The City Council has approved a seemingly endless string of ethics reforms. None have silenced the steady drumbeat of corruption that has sent a parade of its members to federal prison.
On Monday, another ordinance was added to the pile, this time to remove what Inspector General Deborah Witzburg viewed as roadblocks impeding her internal investigations.
After months of negotiations that continued over the weekend, the Committee on Ethics and Government Oversight approved a watered-down ordinance aimed at removing some of those impediments.
Corporation Counsel Mary Richardson-Lowry said she accepted an ordinance she adamantly opposed — and condemned as illegal just five months ago — after a series of concessions made by its chief sponsor, Ethics Committee Chair Matt Martin of the 47th Ward.
“It imposed a requirement that were in contravention to an attorney’s license. It removed guardrails around subpoenas. It precluded representation of a city attorney in an interview. We need to have a different product that did not do that,” Richardson-Lowry told the Sun-Times. “We have had … countless meetings to get to a better work product.”
Witzburg said the revised ordinance achieves her two most important goals: protecting the “integrity of investigative interviews” and giving the inspector general “better access to records.”
It allows Witzburg and the city’s Law Department to “go back and forth over privileged questions where they arise” and lets the inspector general “make requests to review certain categories of privileged records.”
And the final version “more clearly defines who can be present in the interview room and when,” she said.
“An individual person being interviewed as the subject of an OIG investigation is absolutely entitled to their own lawyer,” Witzburg said. “This goes some way toward clarifying that to address any fears that people are gonna be railroaded without counsel. That’s certainly not what’s going on here.”
The original proposal would have prohibited the law department from attorney-client privilege or picking and choosing which subpoenas from the inspector general are complied with. There would have been “no room for discretion” concerning inspector general subpoenas, just as there isn’t with subpoenas issued by the Civilian Office of Police Accountability.
The watered-down version removed the subpoena section entirely.
“This is an effort to reach a compromise, a consensus outcome,” Witzburg said. “Of the three issues that we originally raised, that is the one that we have, so far, been able to work through with the law department under the existing rules. We will continue to try to do that. If it doesn’t work, I’ll be back to say so.”

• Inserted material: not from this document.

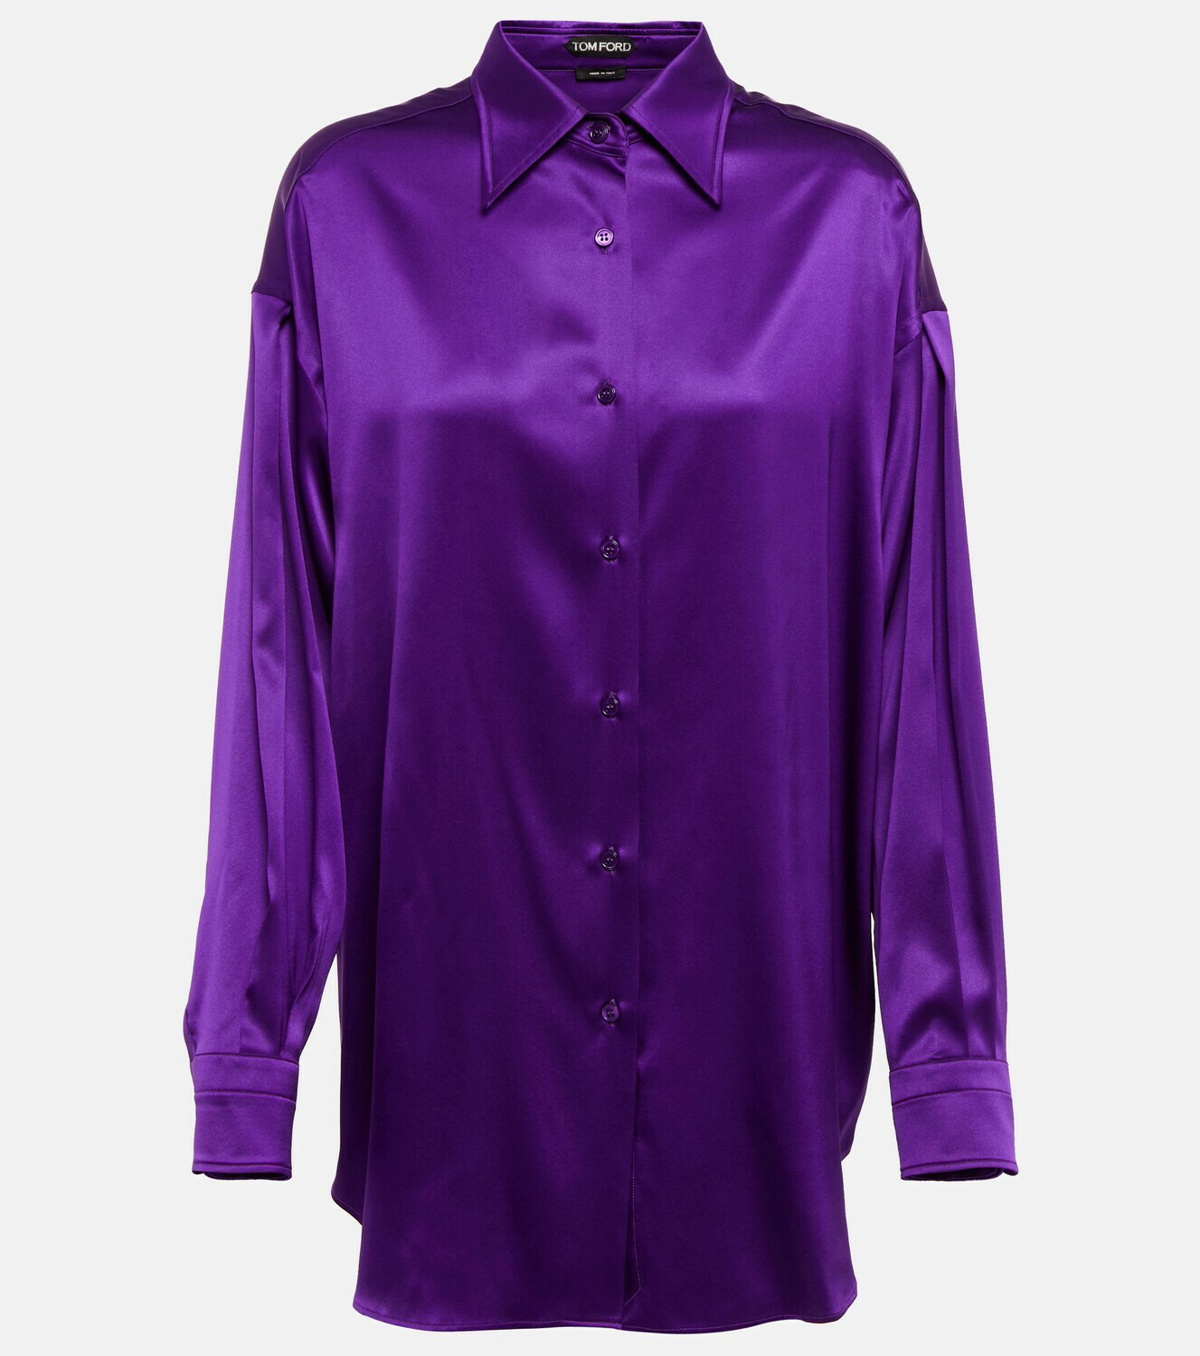 Tom Ford - Silk-blend satin shirt TOM FORD

Martin also agreed to clarify what is or is not deemed as “privileged communication” that would be off limits to the inspector general.

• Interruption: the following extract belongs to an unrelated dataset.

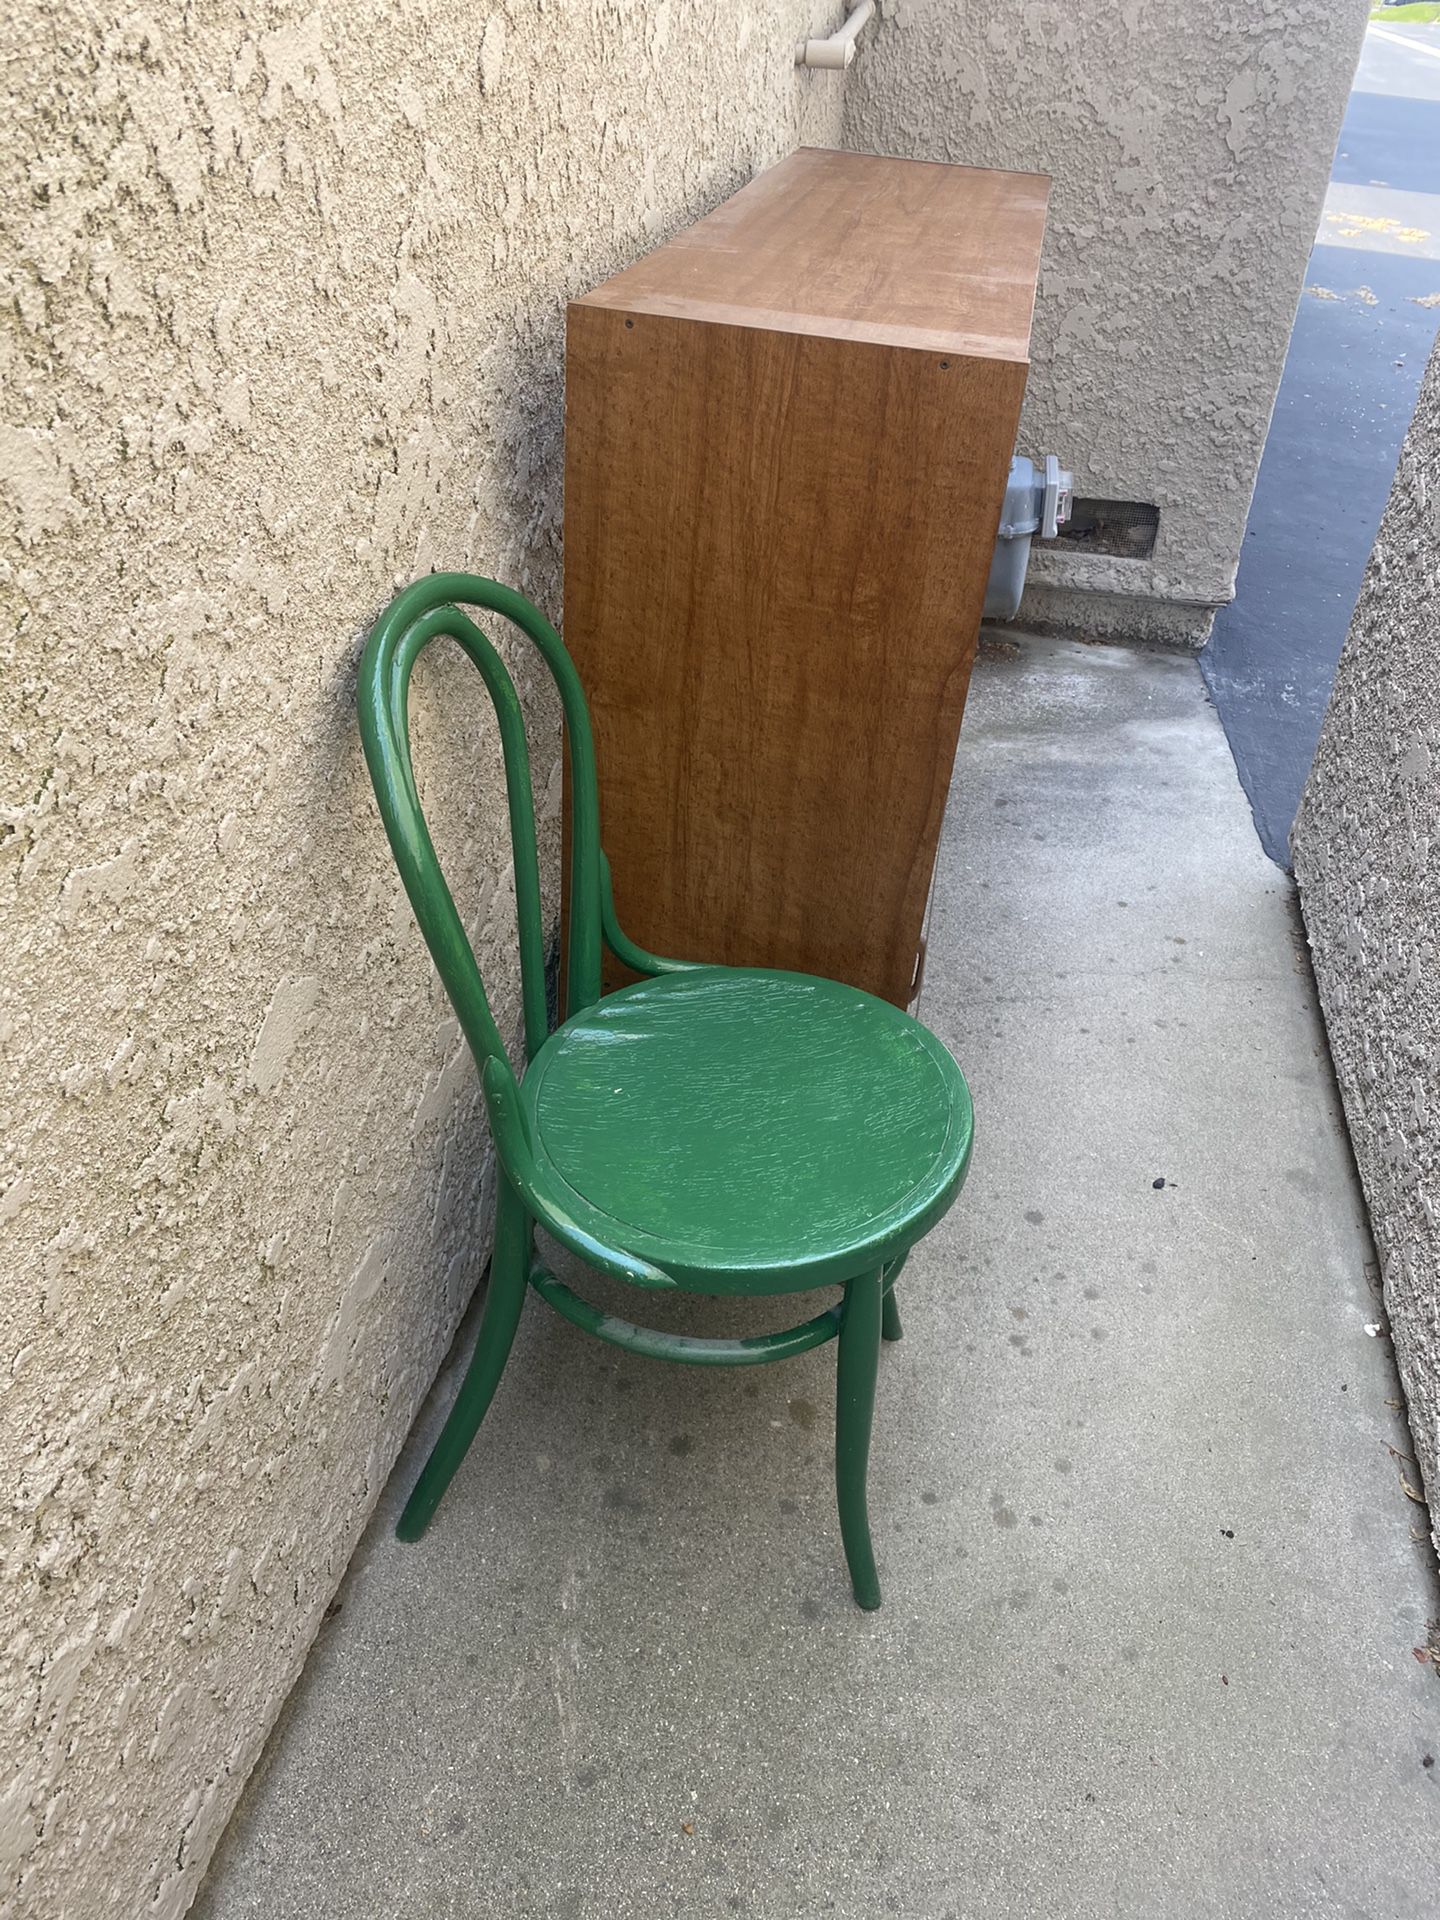 Free green chair metal.

“If there’s pending litigation, if there is a court order or if there’s a federal investigation, the department of law can point to that and say privileged documents cannot be shared because of those considerations,” Martin said.
The new version further clarifies that the Office of Inspector General must “comply with various laws, regulations and policies, and failure to do so can be grounds for removal,” he said.
Even with the concessions made to soften the corporation counsel’s opposition, Martin maintained that the ordinance will make a difference.
“We need to make sure that the inspector general’s office has maximum access to the documents they need to conduct timely, transparent and thorough investigations. This is a big step in that direction,” Martin said. “We need to ensure that potential witnesses don’t feel chilled from providing testimony they need to provide.”
Witzburg has been at loggerheads with the Johnson administration on a wide range of ethics issues — so much so that she is unlikely to be reappointed when her four-year term expires in April.
“You have to be able to do this job like you don’t want it anymore,” she said Monday. “I’m certainly not gonna pull punches to secure reappointment.”
Richardson-Lowry flatly denied Witzburg’s claim that Johnson was standing in the inspector general’s way when her investigations got too close for comfort.
“That’s not how this mayor functions,” she said. “I’ve never seen a mayor do that.”